Data block:
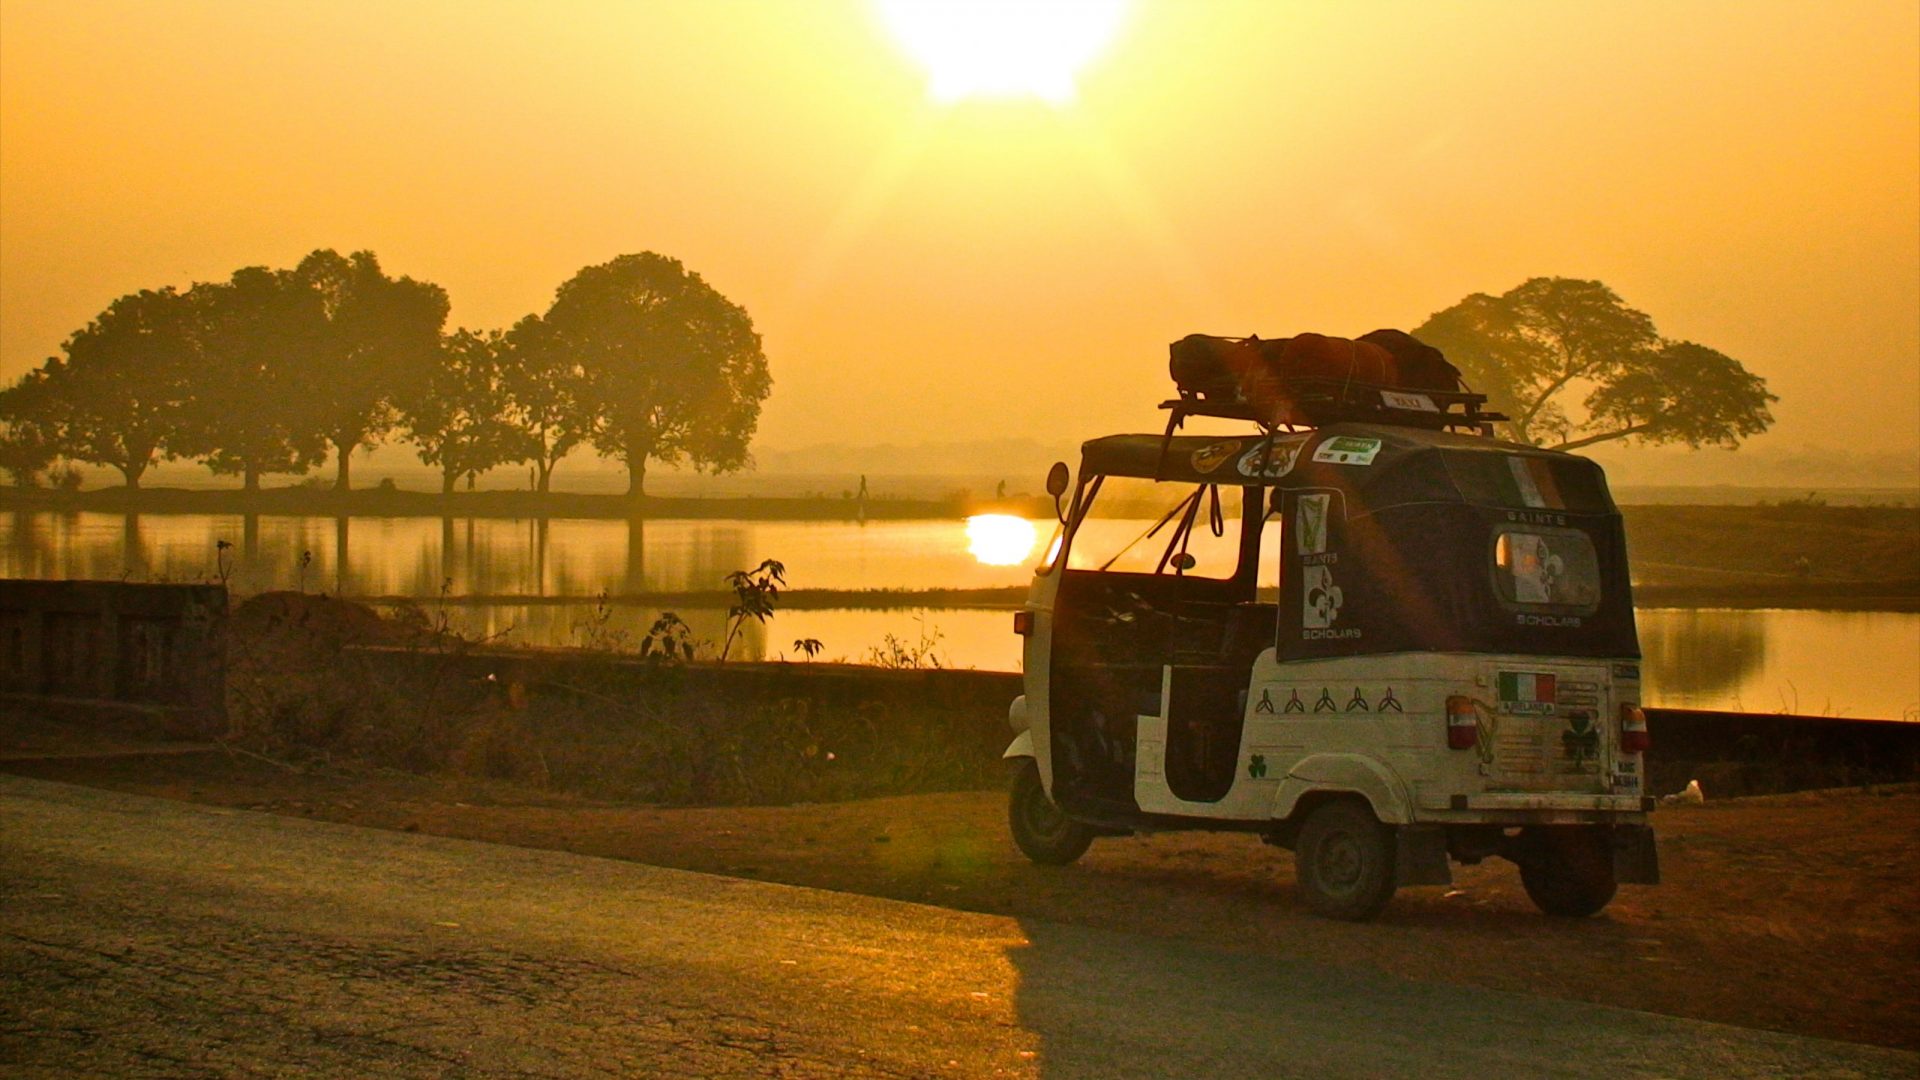 An auto rickshaw at the side of the road at sunrise.
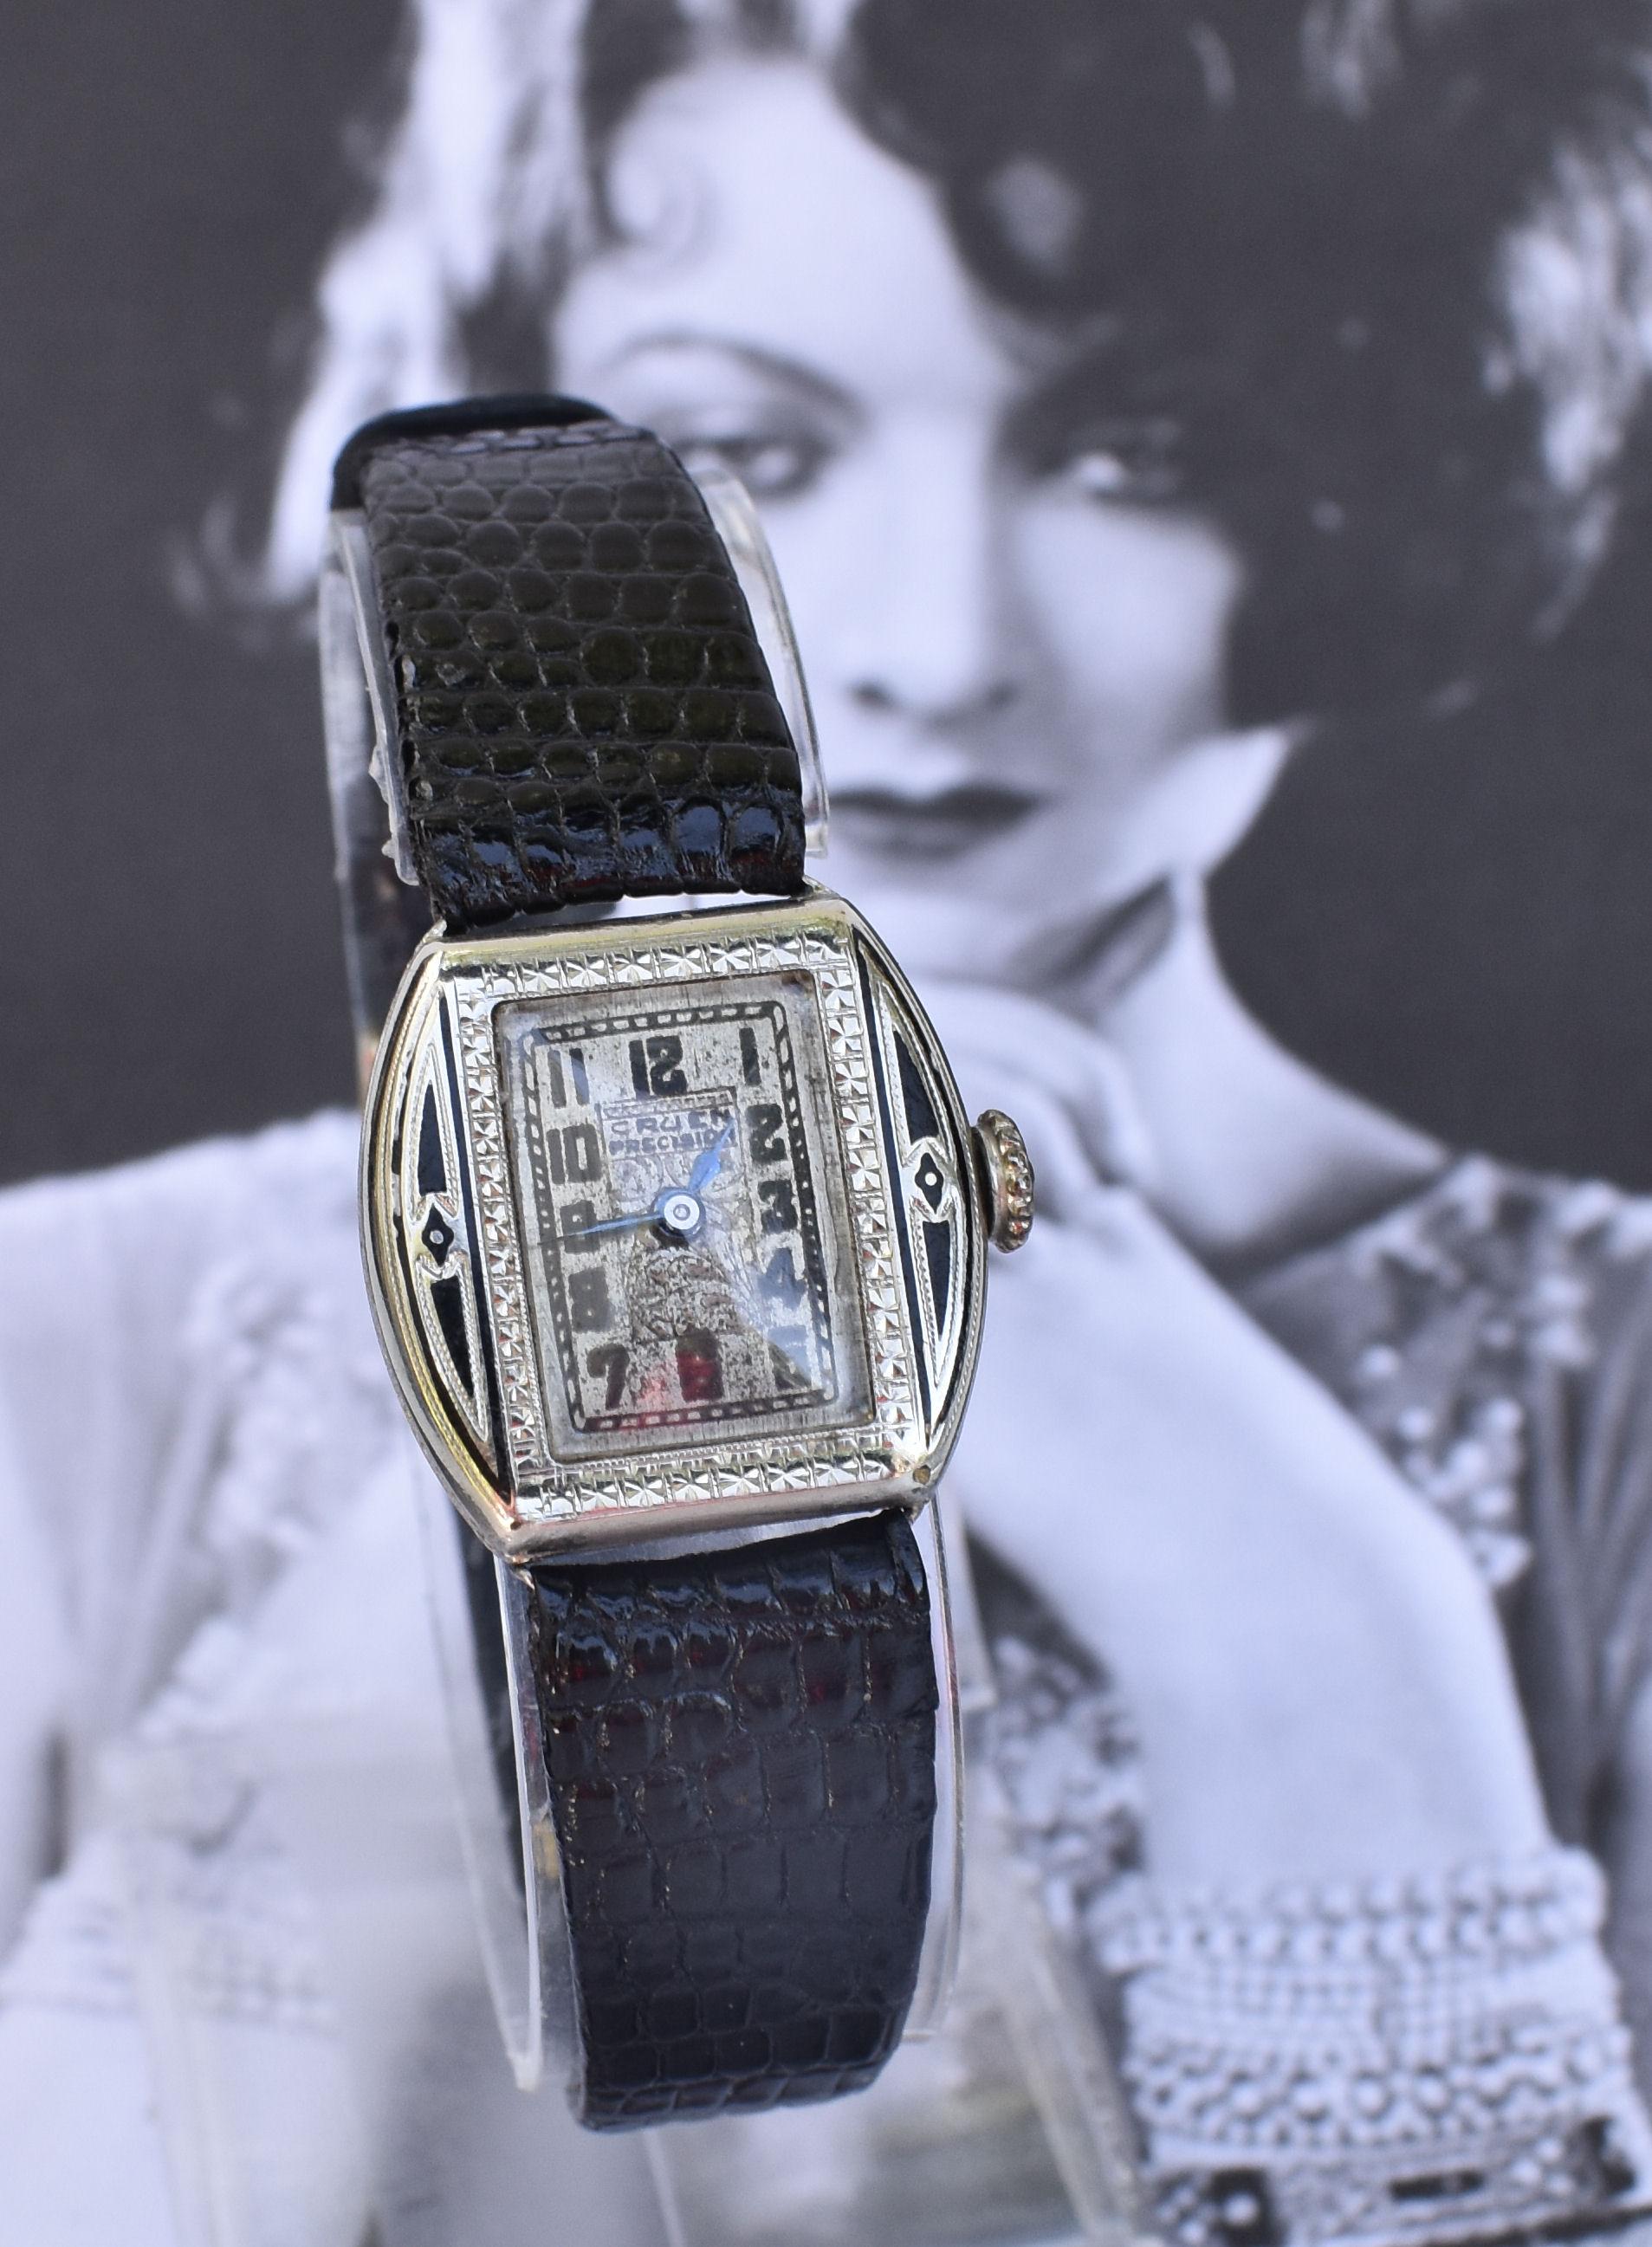 For your consideration is this truly beautiful ladies original Art Deco manual wrist watch with original strap. The main case is engine turned 14k white gold filled with enamel as accents. Heavy art deco decorative engraving to the case and superb
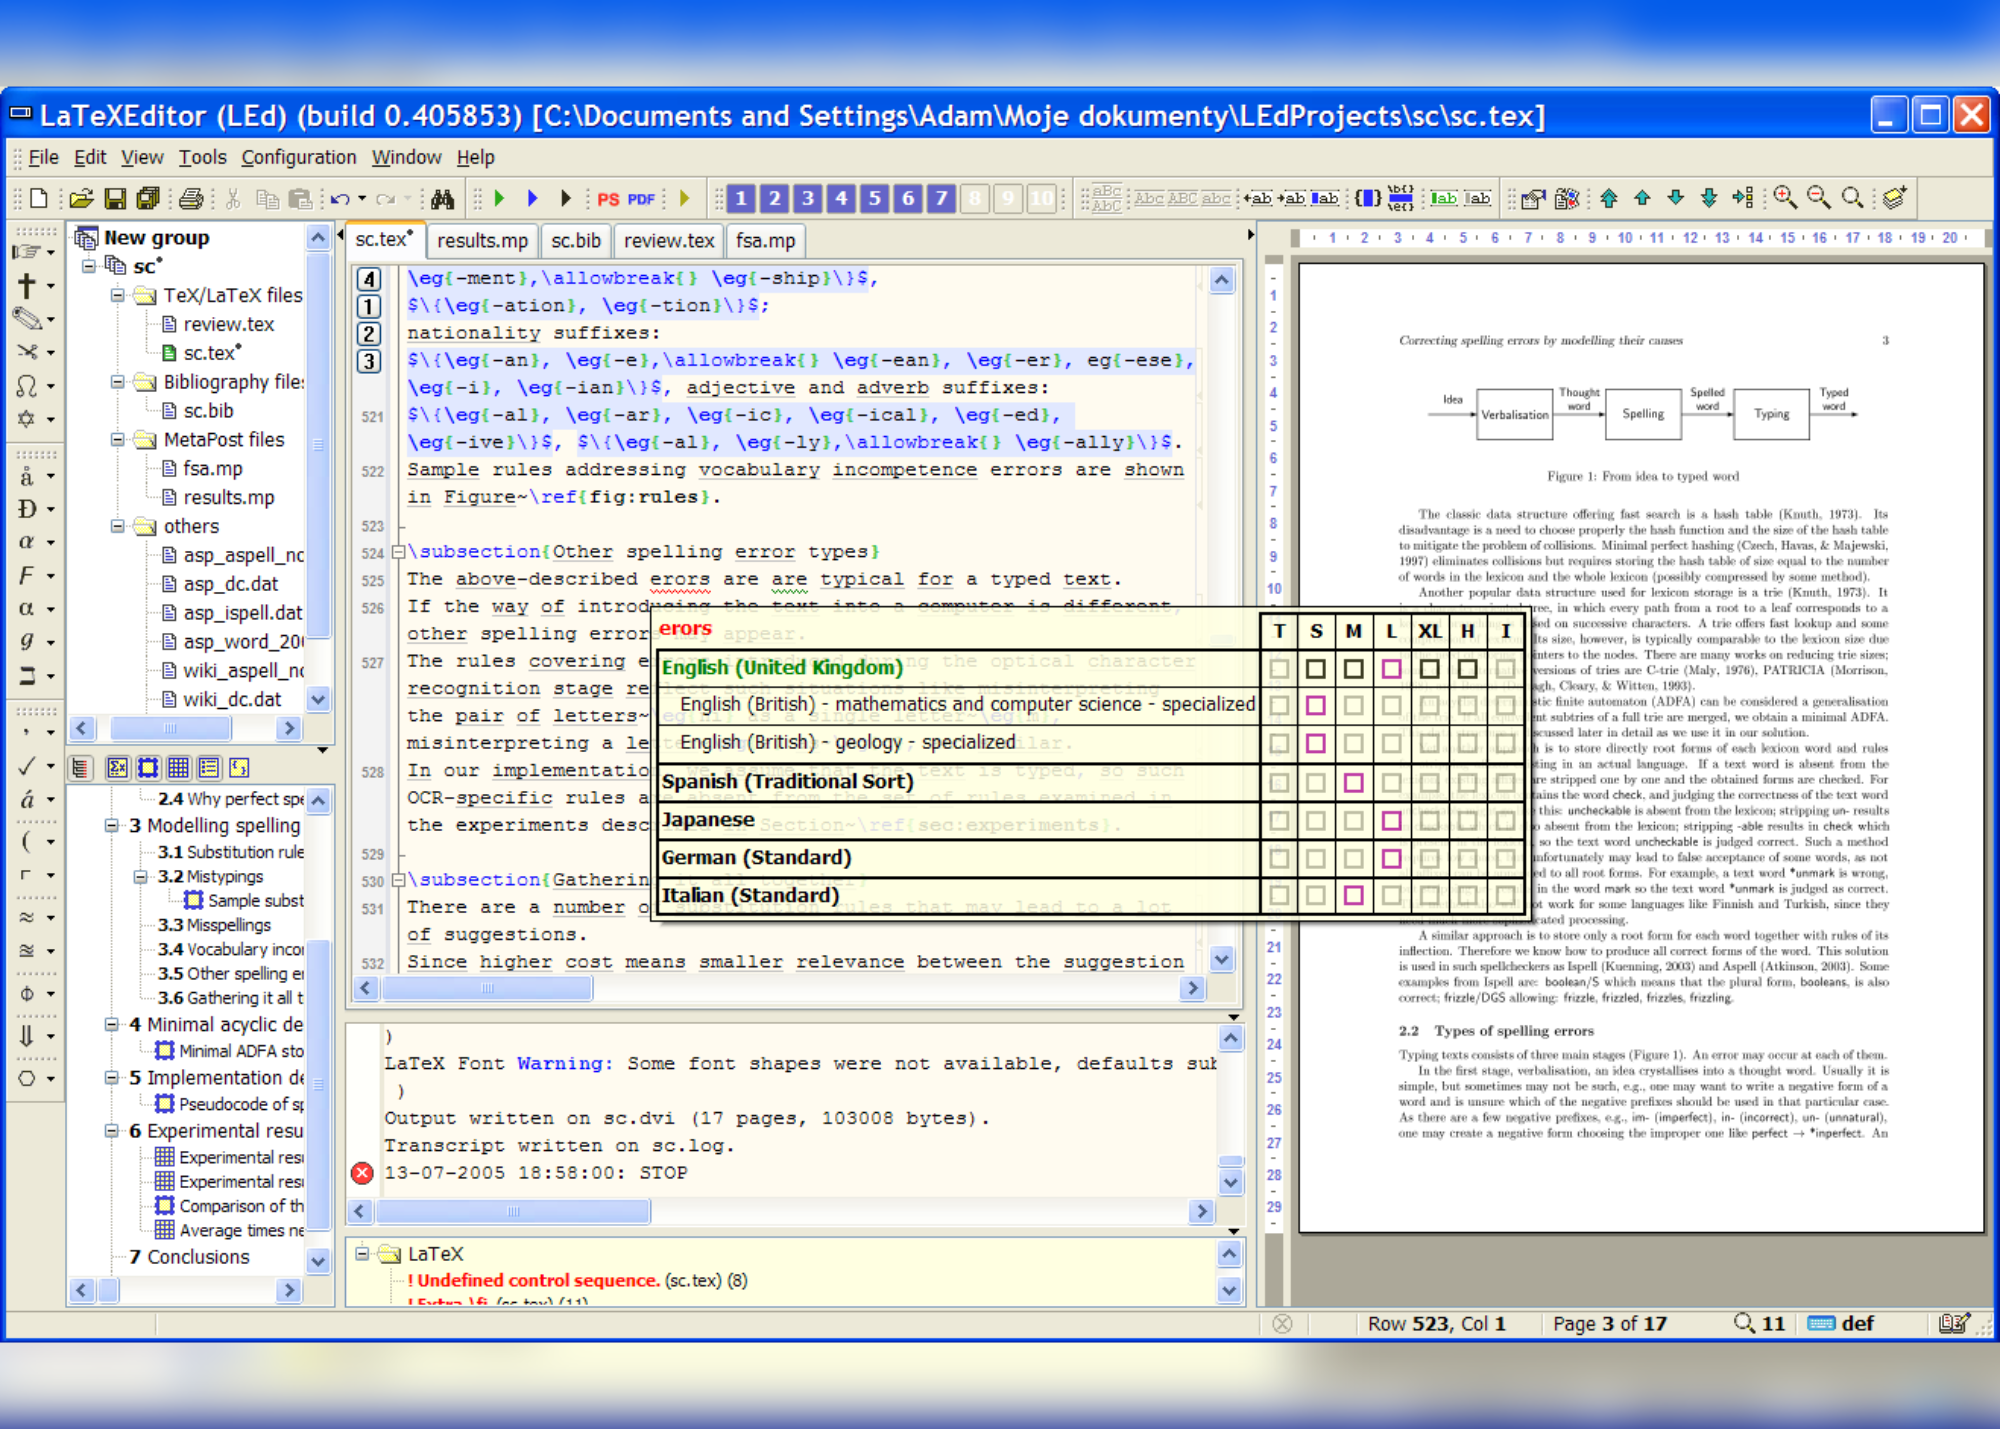 A screenshot showing spell checker feature and a small table appears from the editor

Problem to solve: Only the lines from the one with "For your consideration" through the last line above belong in the answer. Reproduce them exactly, without the pictures.

Result:
 For your consideration is this truly beautiful ladies original Art Deco manual wrist watch with original strap. The main case is engine turned 14k white gold filled with enamel as accents. Heavy art deco decorative engraving to the case and superb
 A screenshot showing spell checker feature and a small table appears from the editor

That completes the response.